Dari struktur penceritaan yang dibangun Benny, karya ini secara diakronis memperlihatkan adanya dua semesta yang berpotensi besar dapat dibangun ulang di kemudian hari, atau bahkan dibangun menjadi semesta terpisah yang mampu berdiri sendiri, di mana Damahum (buku) merupakan rahim dari dua semesta tersebut. Pertama, semesta Damahum (tokoh) yang telah cukup mapan dibangun di sepanjang penceritaan buku dengan segala lanskapnya, baik itu agama, politik hingga sosial. Kedua, Lubuklinggau. Kota di Provinsi Sumatera Selatan ini tidak mungkin dipisahkan, bahkan sekadar dipinggirkan, dari Damahum (buku). Sebab Lubuklinggau dengan segala jejak rangsang personalnya bagi Benny, secara mengagetkan dan bahkan begitu kentara, selalu disisipkan dalam setiap cerpen. Bahkan penyebutan kota seluas 401,50 km² itu kerap terjadi di latar penceritaan yang tidak terduga, di lokasi yang secara geografis berjarak sekian ribu kilometer jauhnya dari Lubuklinggau, atau tema penceritaan yang bahkan terasa jauh dari aroma kota itu. Namun pada langgam penceritaan itulah Benny mempertegas konfiguasi personal dan interpersonalnya pada Lubuklinggau. Terlepas dari motif yang tersimpan di baliknya, strategi penyisipan kota itu secara nyata berpotensi membuahkan semesta sendiri yang, secara sadar atau tidak, telah dimulai Benny Arnas melalui karyanya yang ke-30 ini.

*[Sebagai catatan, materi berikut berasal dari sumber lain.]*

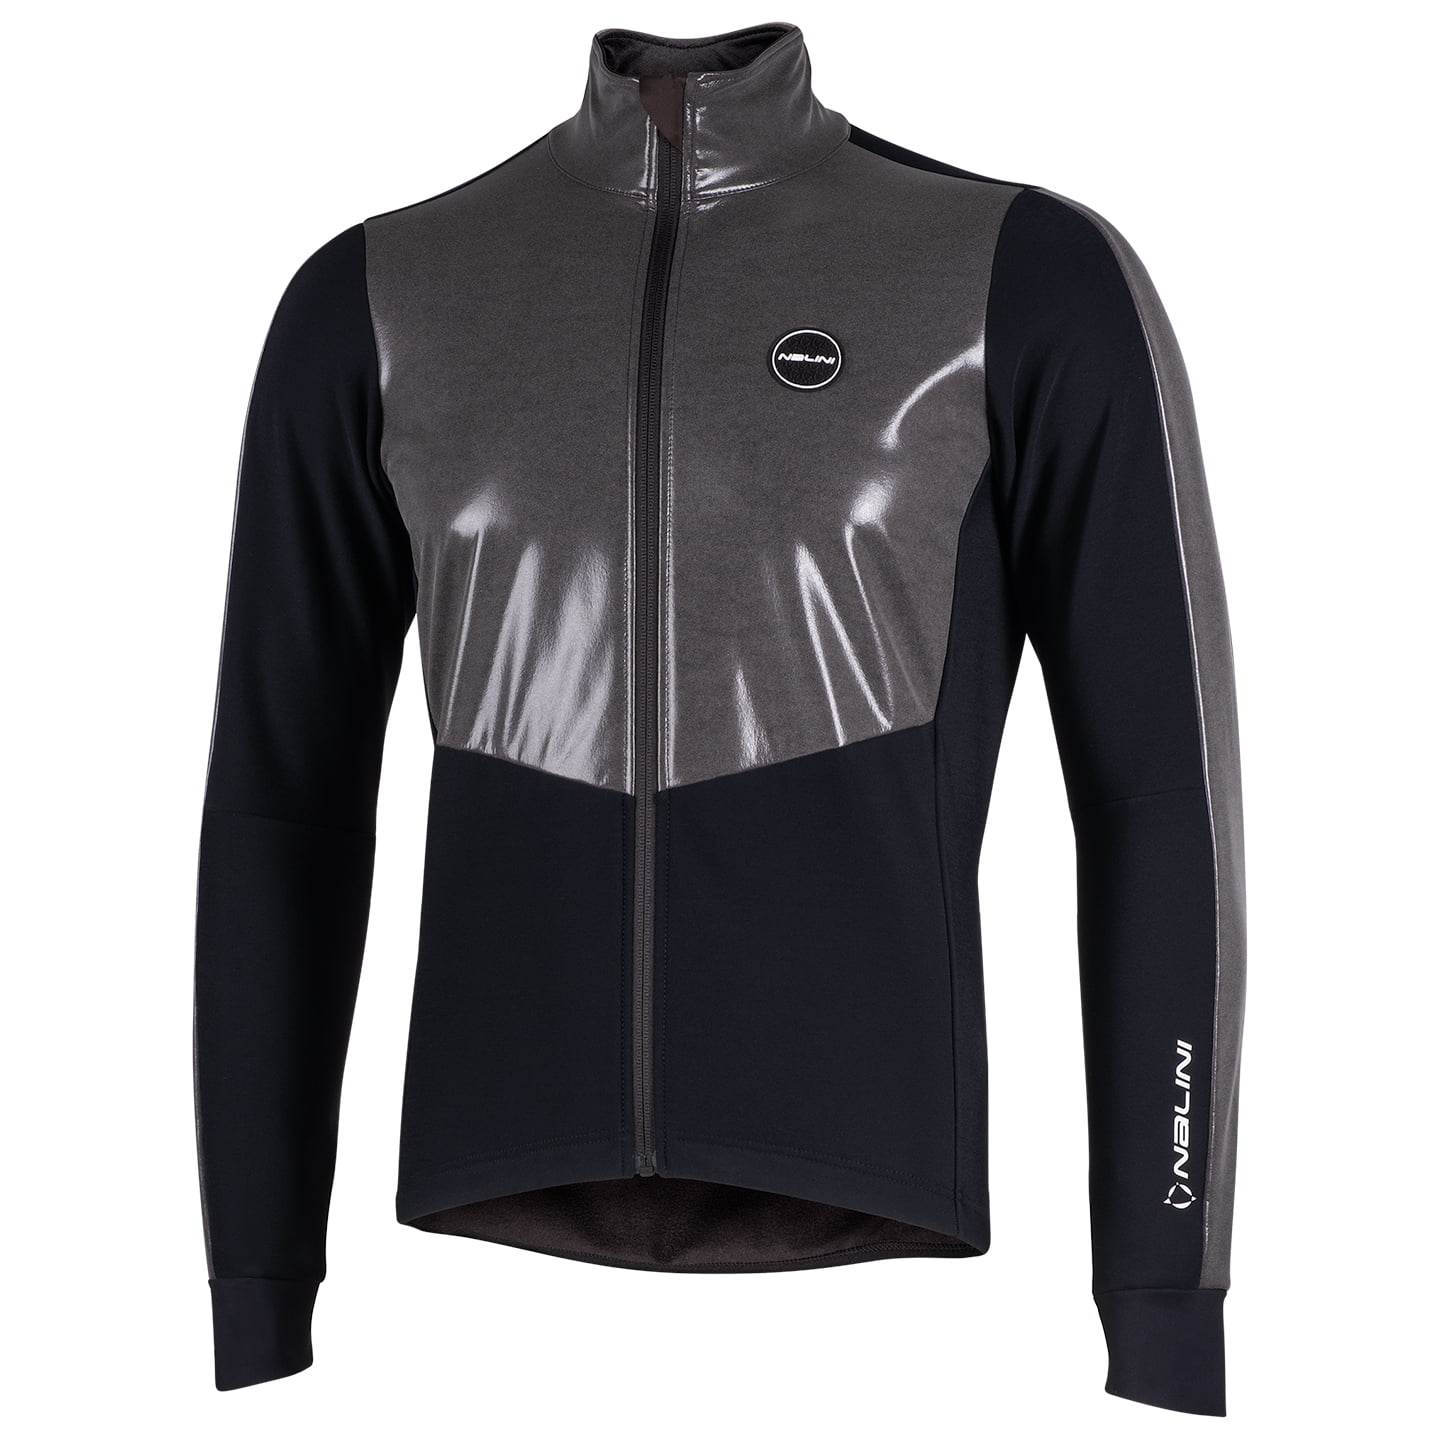 NALINI New Warm Reflex winter jacket Thermal Jacket, for men, size 2XL, Winter jacket, Cycling clothing

Sebagai penutup, dua semesta yang entah disengaja atau tidak ini, bila ditarik kepada Teori Nebula sebagai salah satu teori pembentukan alam semesta, tak ubahnya Damahum (tokoh) dan Lubuklinggau telah melalui proses pembentukan kabut pekat yang besar dan berputar-pilin untuk kemudian (bisa saja) bakal terpadatkan menjadi tata surya baru. Bukan tidak mungkin produktivitas Benny Arnas bakal berujung pada selesainya proses Nebula tersebut dan berujung pada karya berikutnya. Scripta manent, Ban Ben!
[1]Ilhamdi Putra lahir di Padang, Sumatera Barat. Selain mengabdi sebagai pengajar di Departemen Hukum Tata Negara Fakultas Hukum Universitas Andalas, ia juga bergiat sebagai Peneliti di Lembaga Konsultasi dan Bantuan Hukum (LKBH) Fakultas Hukum Universitas Andalas, dan Manajer Riset LBH Pers Padang. Ia juga aktif sebagai Peneliti di ruang riset sastra dan humaniora, Lab. Pauh9.